§ Assignment
With pictures left out, set down exactly the lines from the line containing "Imagen de la" through the last line of the data.

§ Source material
*****
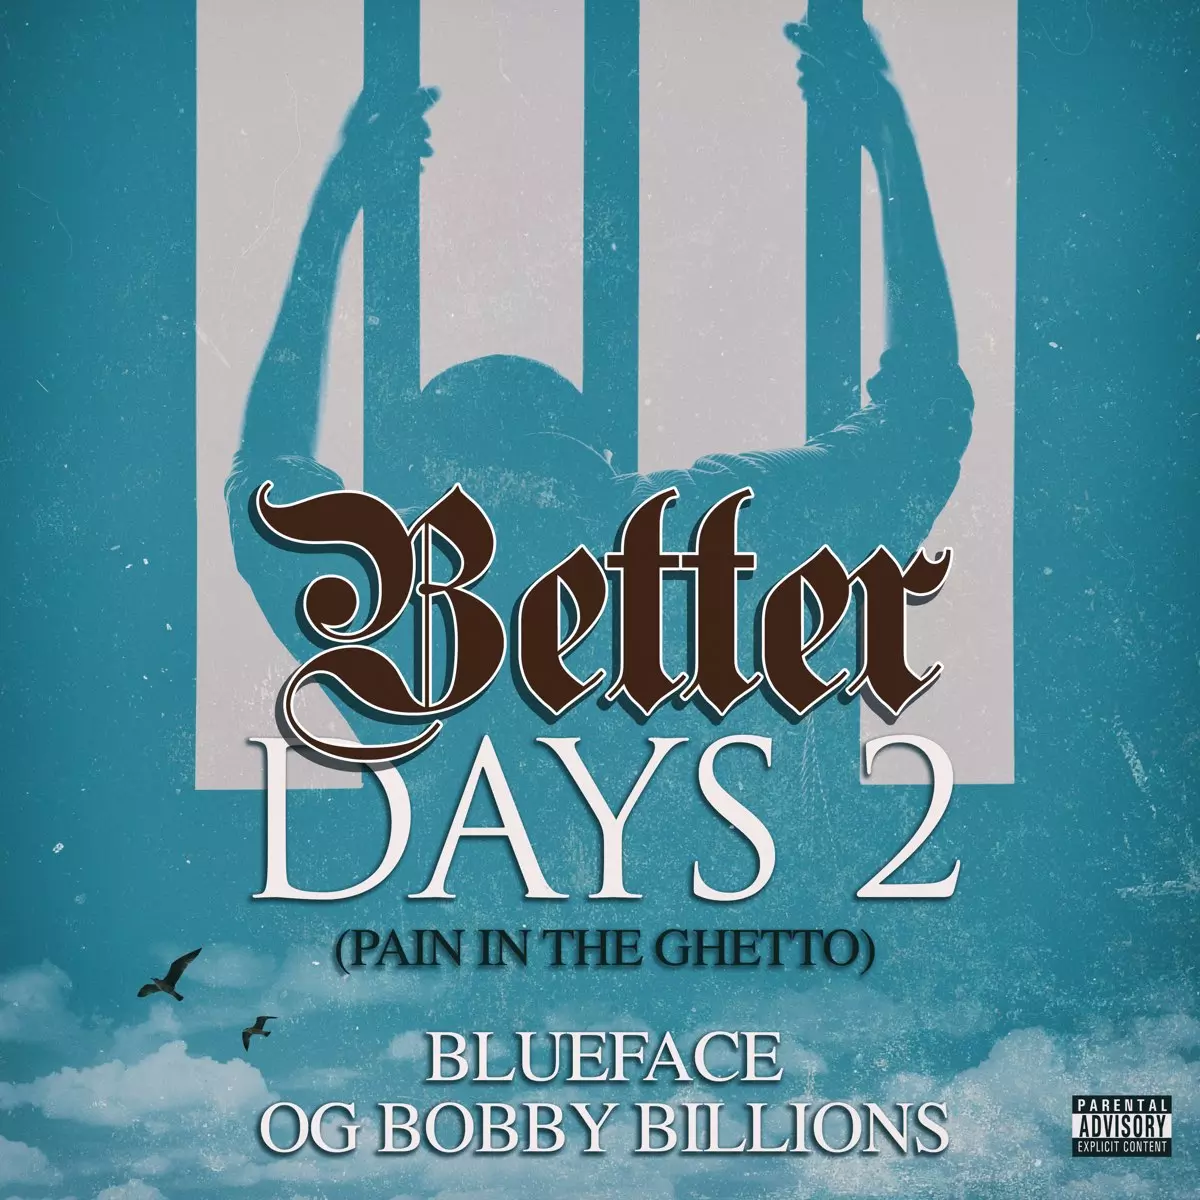 Blueface ft. OG Bobby Billions - Better Days 2 (Pain in The Ghetto)
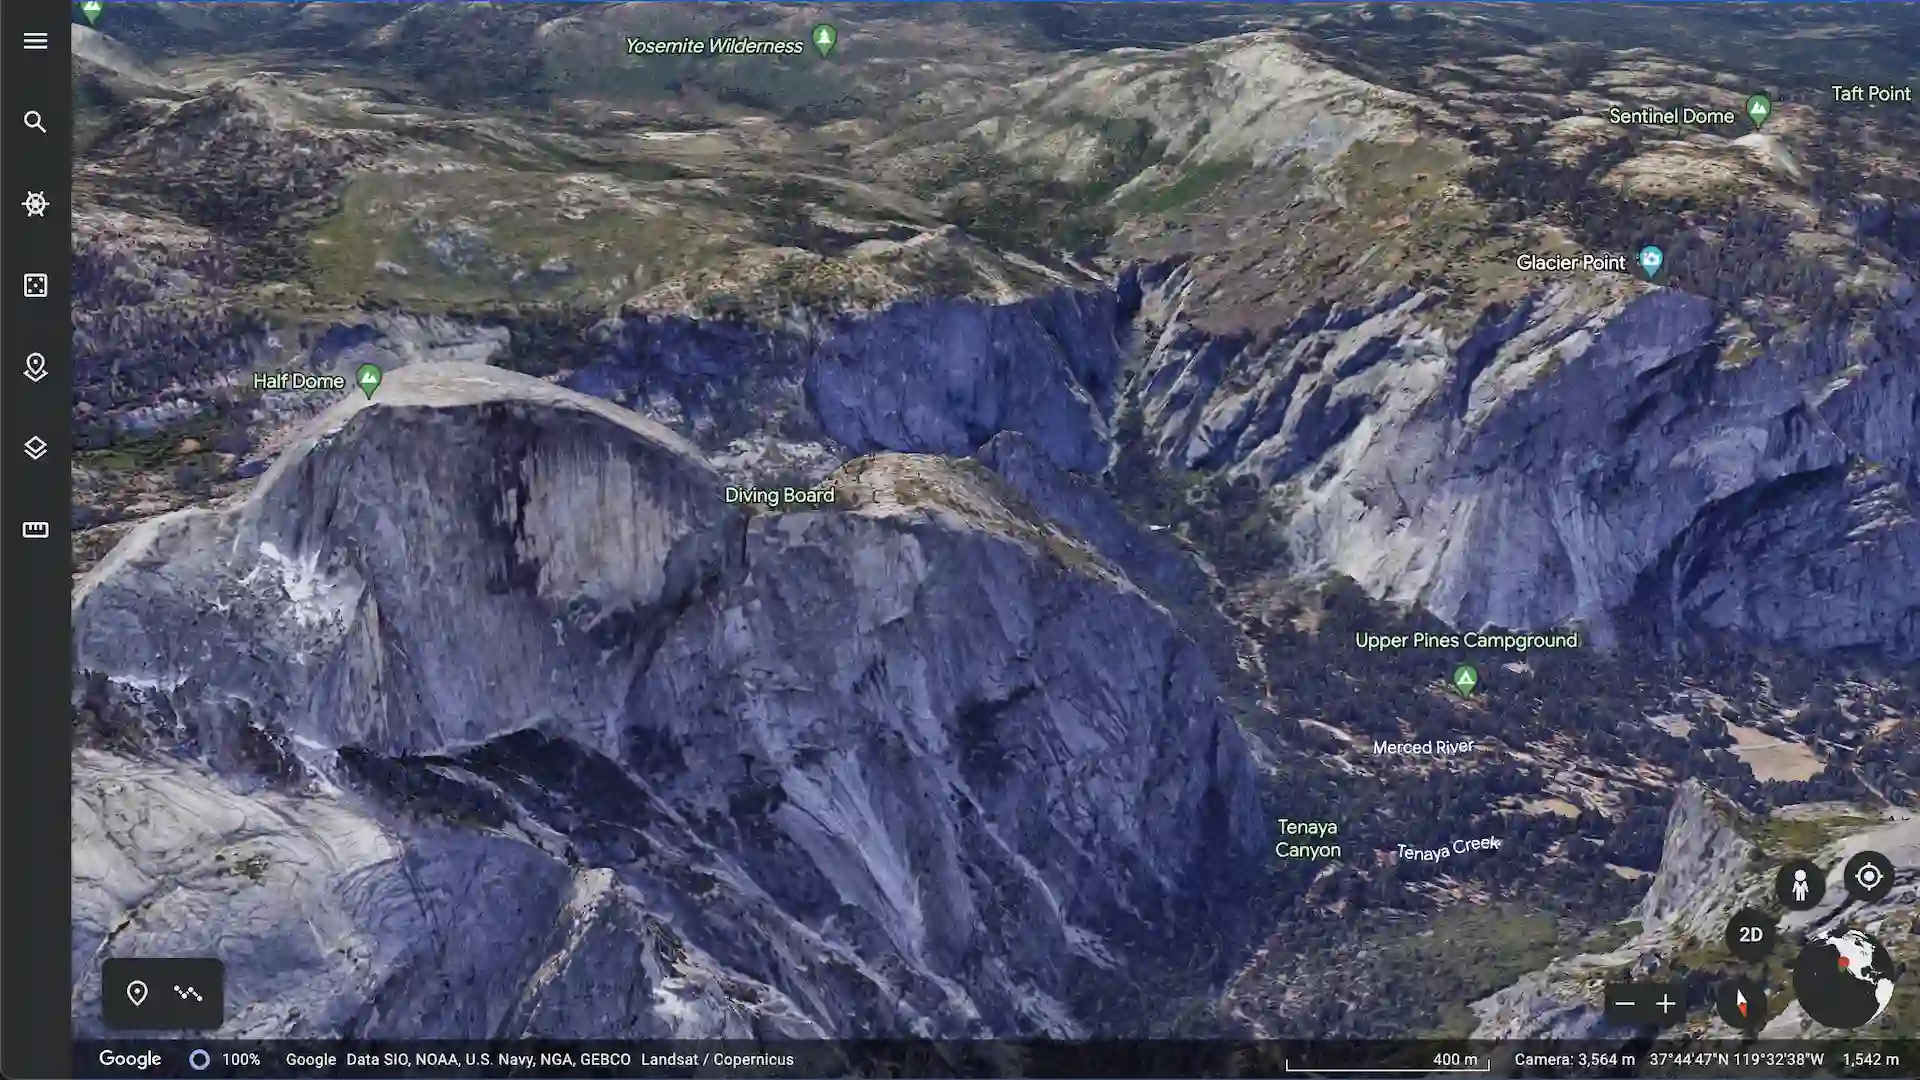 Imagen de la interfaz de usuario de Google Earth con el Half Dome del parque de Yosemite
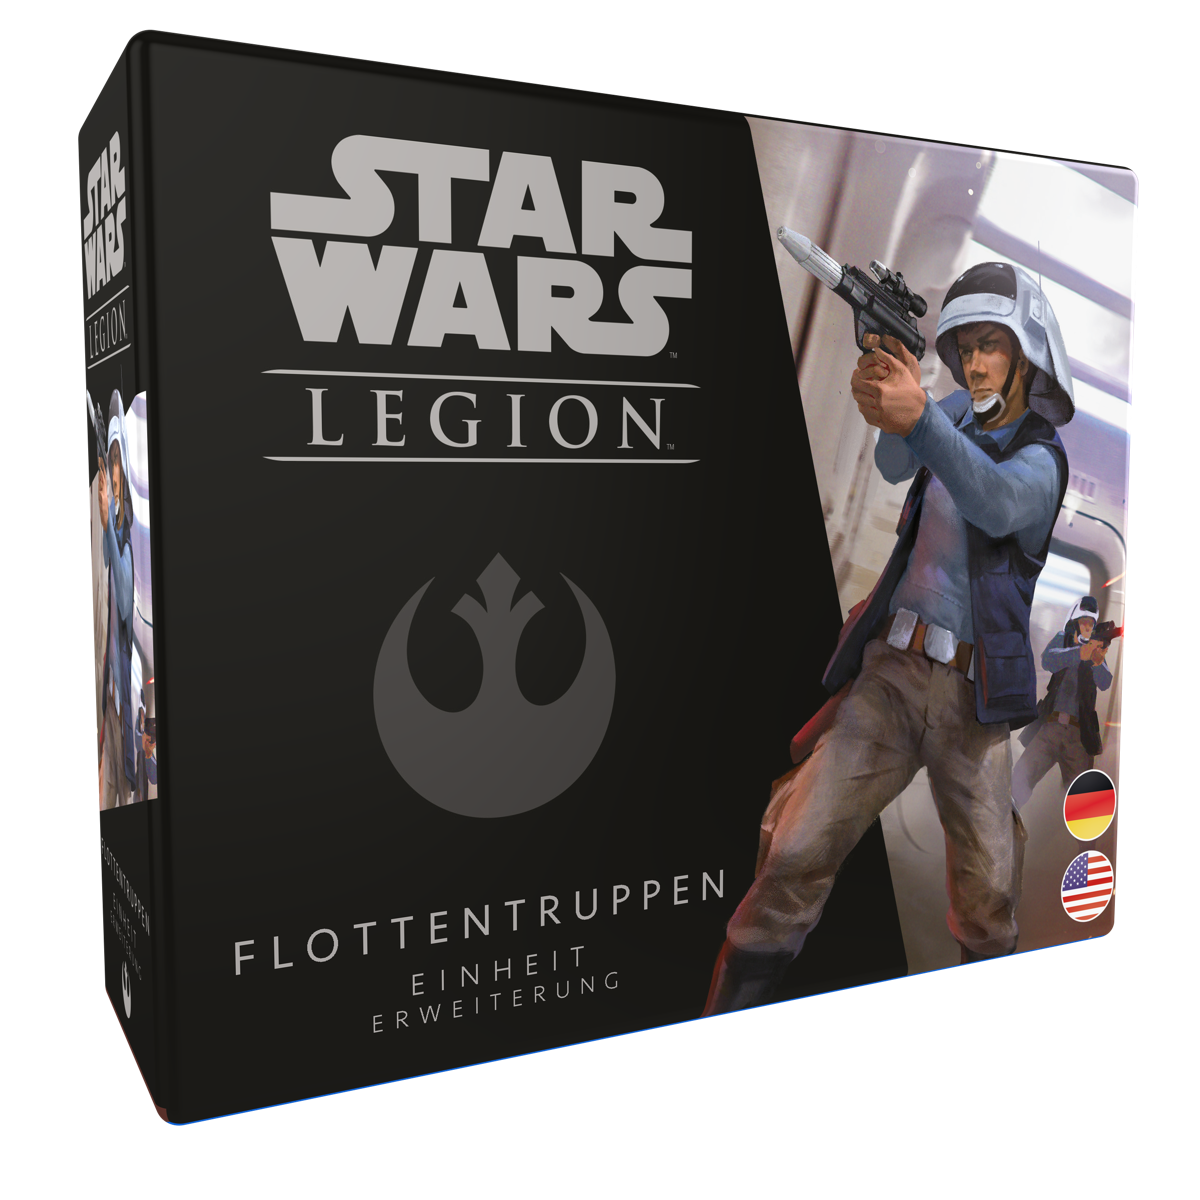 Star Wars: Legion - Flottentruppen DE/EN
*****
§ Response
 Imagen de la interfaz de usuario de Google Earth con el Half Dome del parque de Yosemite
 Star Wars: Legion - Flottentruppen DE/EN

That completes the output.